Спустя, может, минуты полторы один из них ушел совсем, а второй стоял за стальной дверью, закрывая спиной двойное окошко, забранное мелкой сеткой. Это эффективно преграждало доступ внутрь комнаты для совещаний и выход из нее. Он стоял там, словно триста спартанцев, противостоящие десяткам тысяч армии Ксеркса при Теплых Воротах[64].
Генри Лейк Спаннинг молча наблюдал за мной.
– Садись, – сказал я. – Устраивайся поудобнее.
Он отодвинул стул, обошел его и уселся.
– Придвинься ближе к столу.
У него возникли с этим некоторые сложности, учитывая, как были скованы руки. Но он ухватился за край сиденья и тащил стул вперед, пока не уперся животом в стол. Это был привлекательный мужчина, даже для белого. Красивый нос, сильные скулы, глаза цвета воды в туалете, когда бросаешь в него «2000 Флашс»[65]. Очень привлекательный мужчина. У меня от него мурашки по коже бегали.
Если бы Дракула выглядел как Ширли Темпл, никто бы не проткнул его сердце колом. Если бы Гарри Трумэн выглядел как Фредди Крюгер, он никогда бы не выиграл выборы у Тома Дьюи. Джо Сталин и Саддам Хуссейн выглядели как добрые дядюшки, действительно милые, приятные парни – которым просто ненароком случилось вырезать миллионы мужчин, женщин и детей. Эйб Линкольн выглядел как палач с топором, но его сердце было размером с Гватемалу.
Генри Лейк Спаннинг обладал лицом, которое немедленно вызывает доверие, если засветится в телерекламе. Мужчины с удовольствием отправились бы с ним на рыбалку, женщины бы с радостью потискали его булочки. Бабушки обняли бы – стоило только увидеть. Дети пошли бы за ним прямо в открытую печь. Если бы он умел играть на пикколо, крысы танцевали бы гавот вокруг его ботинок. Что же мы за дурни. Красота не идет дальше кожи. Нельзя судить о книге по обложке.
Опрятность – почти набожность. Костюм принимаем за успешность.

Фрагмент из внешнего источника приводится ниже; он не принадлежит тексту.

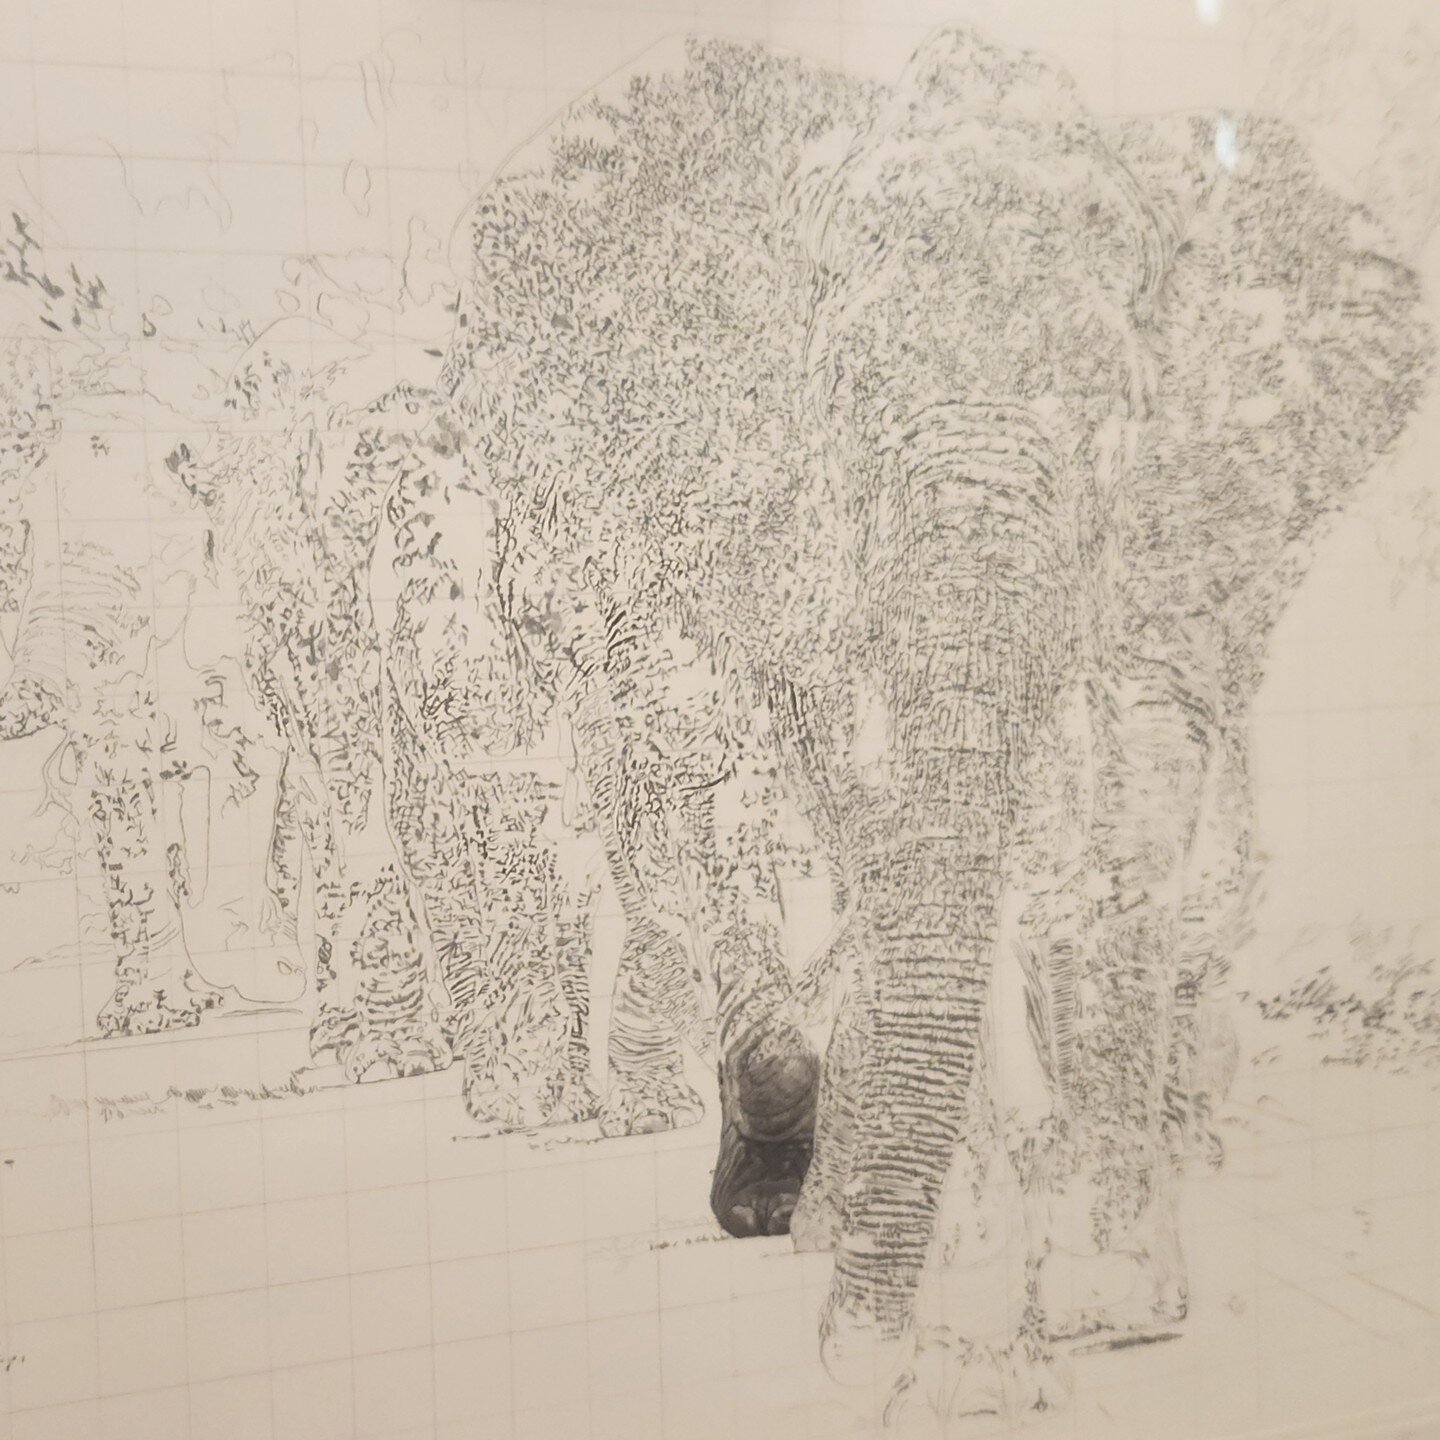 The beginning of &quot;Recollections on the Trail&quot;. Started out using my grid system, and I chose to start right in the middle, on one of the feet!

#pencildrawing #graphitedrawing #wildlifeart #wildlifeartwork #wildlifeartists #wildlifeartist #

Что же мы за дурни.
И что тогда сказать о моей подруге Эллисон Рош?
И какого беса я просто не скользнул в его мысли, чтобы оценить пейзаж?
Почему я медлил?
Потому что он меня пугал.
Пятьдесят шесть доказанных, отвратительных, мерзких убийств с мягкими светлыми волосами сидели в сорока восьми дюймах и смотрели на меня своими голубыми глазами. Ни Гарри, ни Дьюи не имели бы ни шанса.
Так почему я его боялся? Потому что. Вот почему.
Это было чертовски глупо. У меня был целый арсенал, а он был закован. Я ни на миг не верил в то, что думала Элли, – будто он был невиновен. Дьявол, его поймали буквально с руками по локоть, по подмышки в крови, во имя всего святого. Хрен там, невиновен!
«Ладно, Руди, – подумал я, – лезь туда и оглядись».
Но я этого не сделал. Я ждал, пока он что-нибудь скажет.
Он неуверенно улыбнулся мягкой и нервной улыбкой. И сказал:
– Элли просила меня с вами увидеться. Спасибо, что пришли.
Я посмотрел на него – не в него.
Казалось, его тревожит, что он причиняет мне неудобство.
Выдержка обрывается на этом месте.